Madère ou les Canaries, quelle différence ?

Madère et les Canaries partagent une origine volcanique et un climat doux toute l'année, mais elles diffèrent sur plusieurs points concrets. Madère appartient au Portugal, pas à l'Espagne, une confusion fréquente qu'il vaut mieux dissiper d'emblée.

L'île est plus verte et plus escarpée, organisée autour de la randonnée et des levadas plutôt que des plages de sable, quasiment absentes hormis à Porto Santo.

Les Canaries offrent davantage de plages de sable naturel et une infrastructure balnéaire plus développée ; le choix dépend donc de ce qu'on cherche, montagne et marche d'un côté, plage et farniente de l'autre.

Vaut-il mieux se loger au nord ou au sud de l'île ?

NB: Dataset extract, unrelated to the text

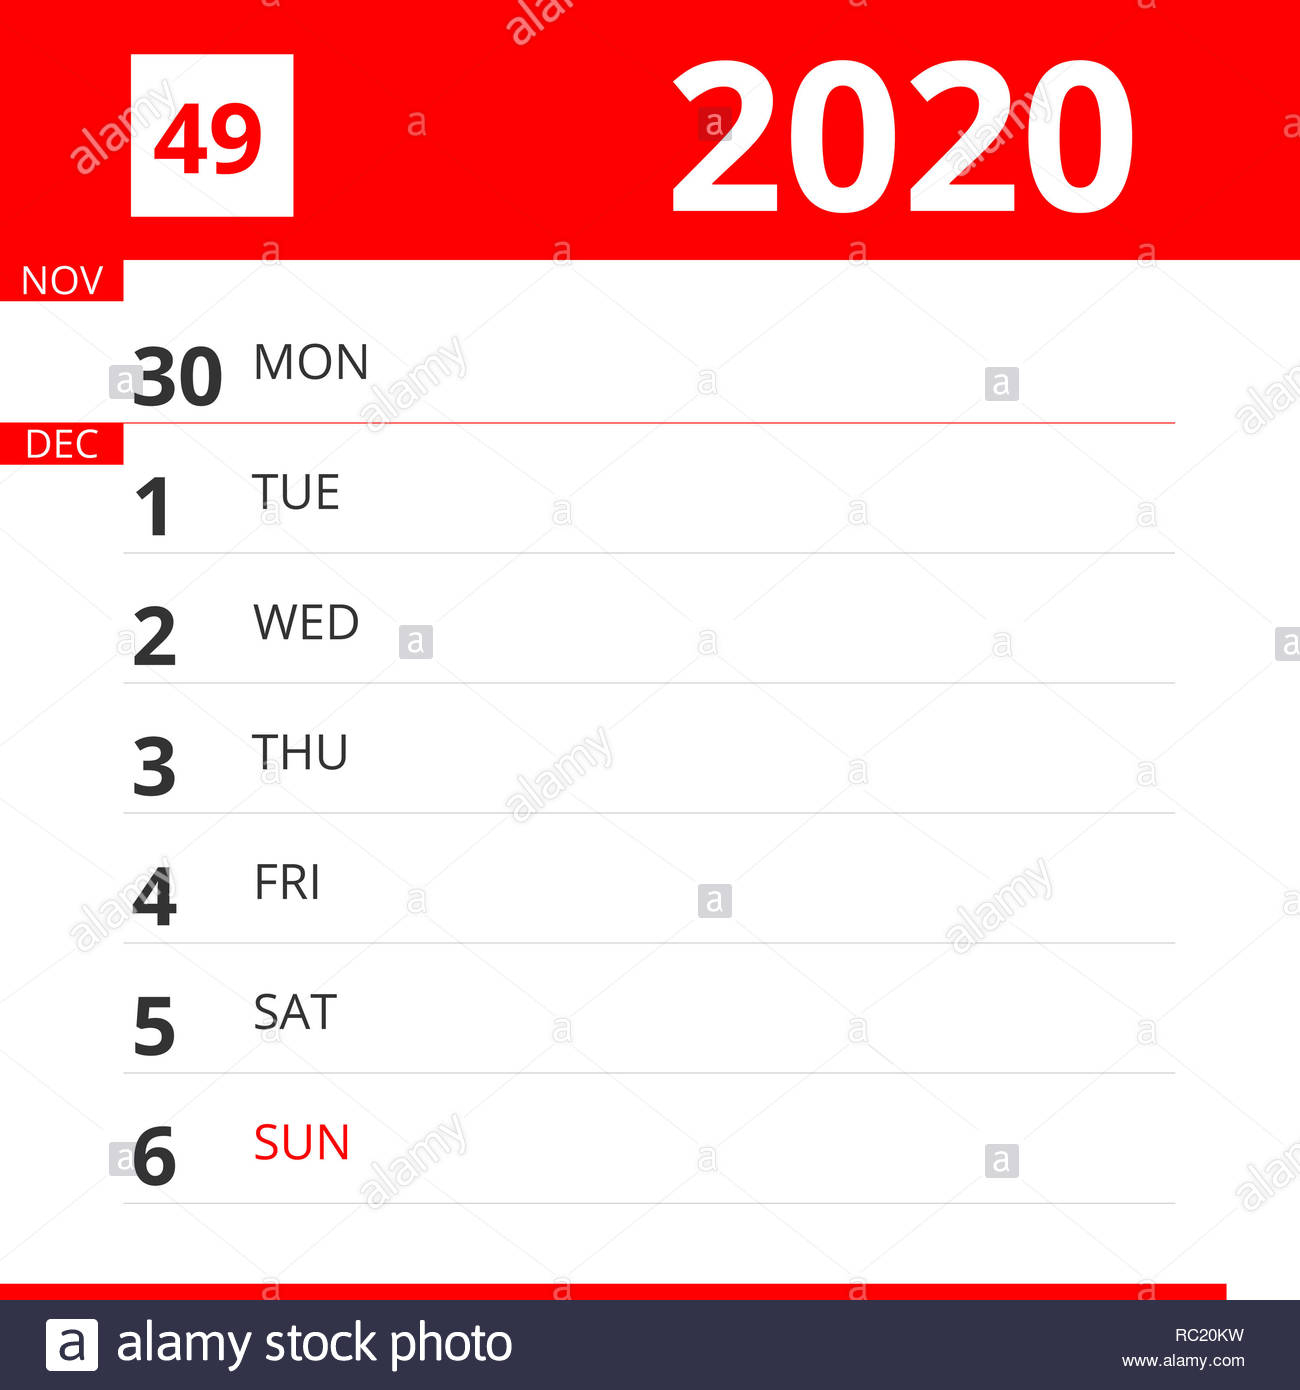 Calendar Planner For Week 49 In 2020, Ends December 6, 2020

Se baser à Funchal, sur la côte sud, convient à qui veut une vie de ville le soir, un large choix de restaurants et un accès rapide par le VR1 vers l'est et une partie de l'ouest.

Se baser sur la côte nord, à Porto Moniz, Santana ou São Vicente, réduit les trajets vers les levadas et les paysages les plus verts, au prix d'un choix de restaurants plus restreint et de routes plus lentes vers Funchal.

Beaucoup de voyageurs combinent les deux avec quelques nuits de chaque côté plutôt qu'une base unique. Le choix dépend surtout du temps disponible : en dessous d'une semaine, une seule base simplifie l'organisation.